X-MEN (TOY BIZ)
“Once a mutant-hating businessman, Cameron Hodge had his entire body reconstructed into a biomechanical killing machine known as a Phalanx so that he could more readily pursue his murderous goal: the elimination of all mutants! Driven by hate and rage, Hodge is not the most stable of opponents – but his cybernetic abilities make him nonetheless a lethal one!”
Cameron Hodge was a good example of X-Men‘s ability to allow a recurring background character to really grow over the years, beginning as a seeming ally to the main heroes in the pages of X-Factor, before being revealed to be just as much of a bigot as some of the worst “normal” humans the mutants met. After his original arc ended with his demise, he was eventually revived by the Phalanx, and wound up playing a role in a few more cross-overs, as well allowing him to play the role of main antagonist in one of the cartoons best episodes (I may be projecting some personal feelings onto that one). And, since he did a bunch of stuff in the X-Men comics in the ’90s, of course he got a toy!
THE FIGURE ITSELF
Cameron Hodge was released in 1995, as part of the “Mutant Genesis” Series, the tenth series of Toy Biz’s X-Men line. Believe it or not, Hodge was probably one of the best known characters in that particular assortment, which had some serious second and third stringers. The figure stands 5 inches tall and he has 8 points of articulation. Hodge is based on his appearance post-Phalanx-assimilation, which was firstly a relevant choice for when this figure hit shelves, and secondly a far more interesting choice than any of his other designs when it came to making toys. Also, he looks like he’s got a thing of french fries on his head, and who doesn’t love that? His sculpt was totally unique to him, which I guess makes sense, because, really, who’s he going to share with? He definitely endorses the general bulking up of the line, which was getting near to critical mass at this paint. Hodge was usually depicted as a little skinnier, but given the shape-shifting properties of the Phalanx, it’s not a crazy concept. I particularly like the head on this figure, which does a solid job capturing Hodge’s particularly manic personality. Cameron’s paint work is probably his weakest point, largely due to an issue of translation of what’s on the page into reality. The technoarganic nature of the Phalanx just doesn’t look quite as impressive when it’s all just a rather unappealing yellow. Later takes on the concept would make it work a bit better. Hodge’s one accessory is a pump that plugs into the very large and very obvious spot on his back. What does it do? It lets him squirt water out of his gun hand, of course. You know, like in the comics!
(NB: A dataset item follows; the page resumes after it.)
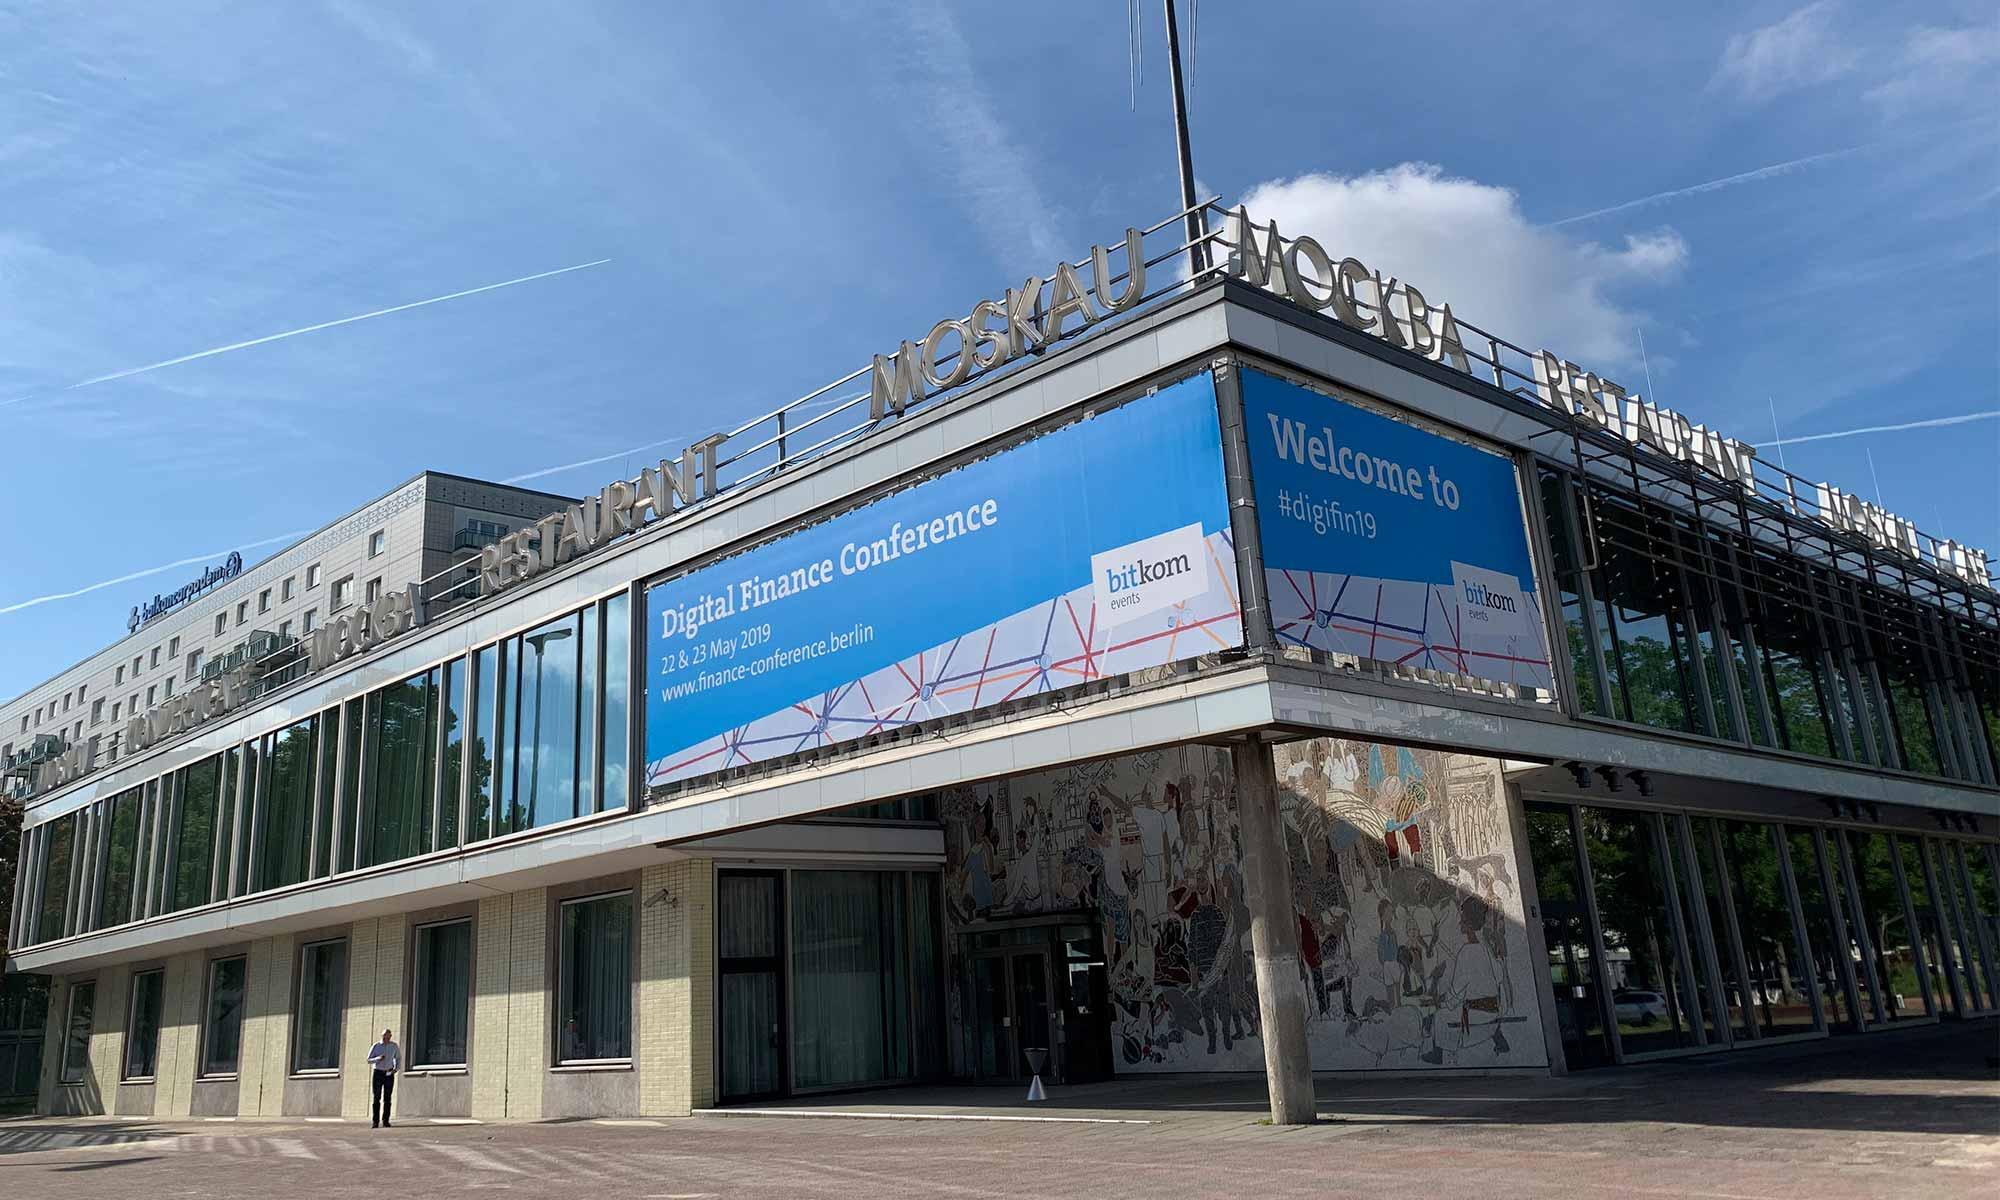 digifin19 Digital Finance Conference Berlin 2019 bsurance

THE ME HALF OF THE EQUATION
As much as I liked “Phalanx Covenant”, I never had much interest in this toy as a kid, and as such it went un-purchased by me for a rather long stretch of time. I even avoided picking him up during my first real return to the line during college. It wasn’t until very recently that I picked this figure up, and it was mostly because I was already picking up a bunch of other stuff, if I’m honest. He’s not bad. Not very exciting, but also not bad. I’d say he’s better than I’d expected, in fact.